I won’t assume that because I think I am doing someone a favor that they must see it the same way. It turns out others don’t always look at things like I do.

Duke sometimes lacks follow through, and so do I. I’ll let you know how successful we both are as time passes. In the mean time, what resolutions do you think are worth making?

An Introduction

The cowboy fascinates me with his simple living, strict code of virtues, devotion to friends, love of the land and honesty. It is in honor of the cowboy, both the real and imagined one, that I have titled       this blog the Common Sense Cowboy.

I will pen my version of the horse sense I believe this icon of the west has. The cowboy transcends generations.

I am no one of special importance, except perhaps in the fact that I am a lot like many of you. I was born between the baby boomers and the generation X-ers. I had a southern mother and a northern father which means I am the perfect westerner. I have a wife who endures me, a       daughter and son who avoid or ignore me and a dog who is devoted to me.

It is to my dog I relate to the most. He looks at the world much the same way I do.

I love sports and always imagined myself a little better at them than I probably was. The same can probably be said of my job. I do work. I work for everything my family eats, wears, rides in, shelters     under, sleeps on, or travels to, during the vacations I’m often unable to take, because somebody in      this place has to hold a job. I don’t care much for men who don’t work. I don’t complain much, mostly because no one gives a damn about my carping and I don’t suffer others who bellyache either.

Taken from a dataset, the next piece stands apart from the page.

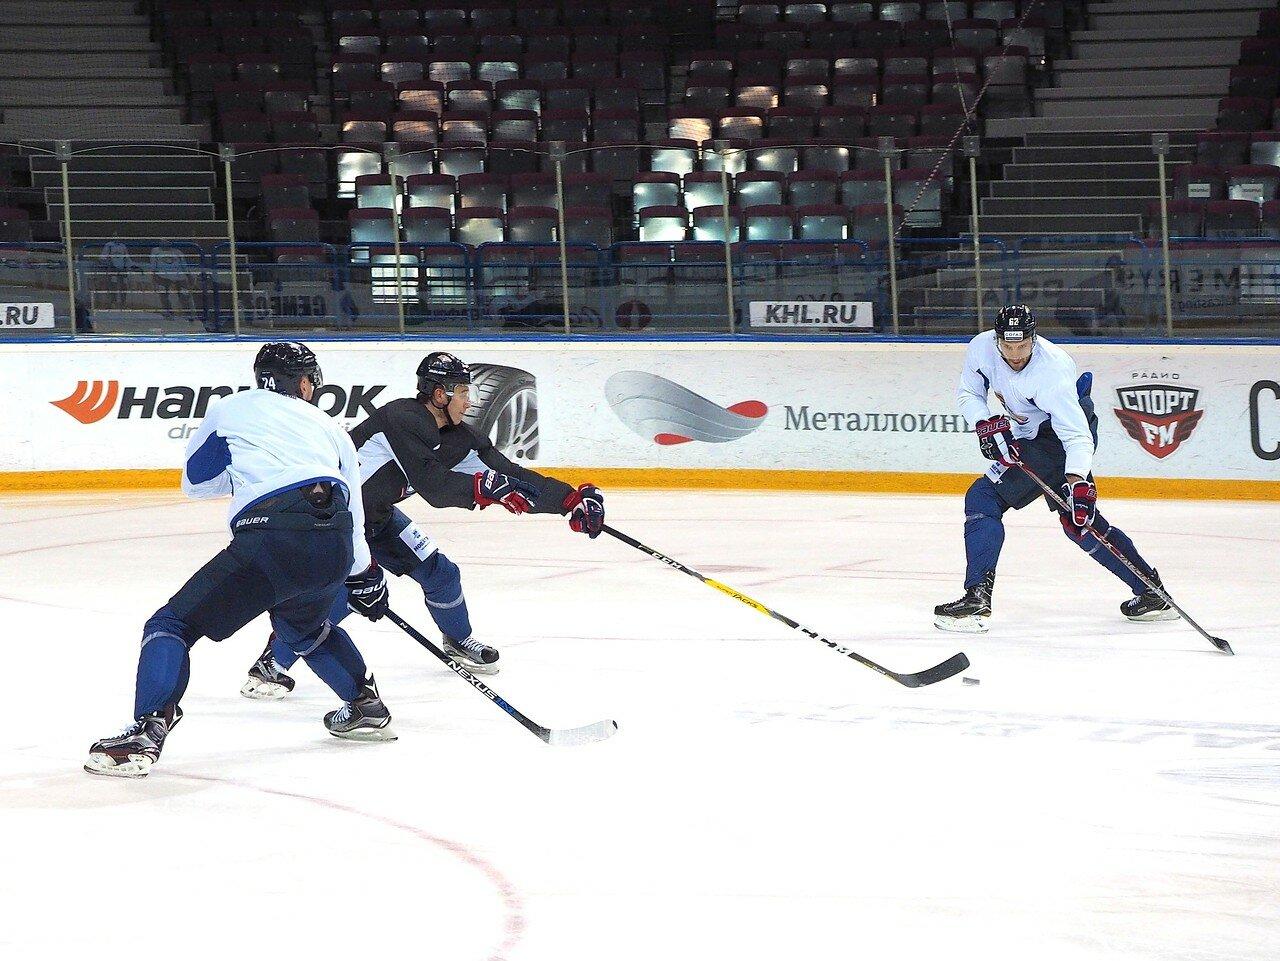 30 Открытая тренировка перед финалом плей-офф восточной конференции КХЛ 2017 22.03.2017

I am a writer of western fiction and fascinated by the archetype western characters. You know them – the pioneer, leaving everything to strike out west for a new life; the gunman, always ready for a fight; the lawman, keeping the peace and protecting the little guy; the warrior, desperately fighting those forcing him from his home and his way of life. And there are many more. Of all types, the most memorable is the cowboy.

You will not read much of my opinion here, primarily because I’m not that sure my opinions are very interesting. What you will read are my observations about culture and society, the irony I find in events, organizations and institution, and life as seen through the eyes of my dog, Duke. I will       shoot as straight as I know how, like a cowboy.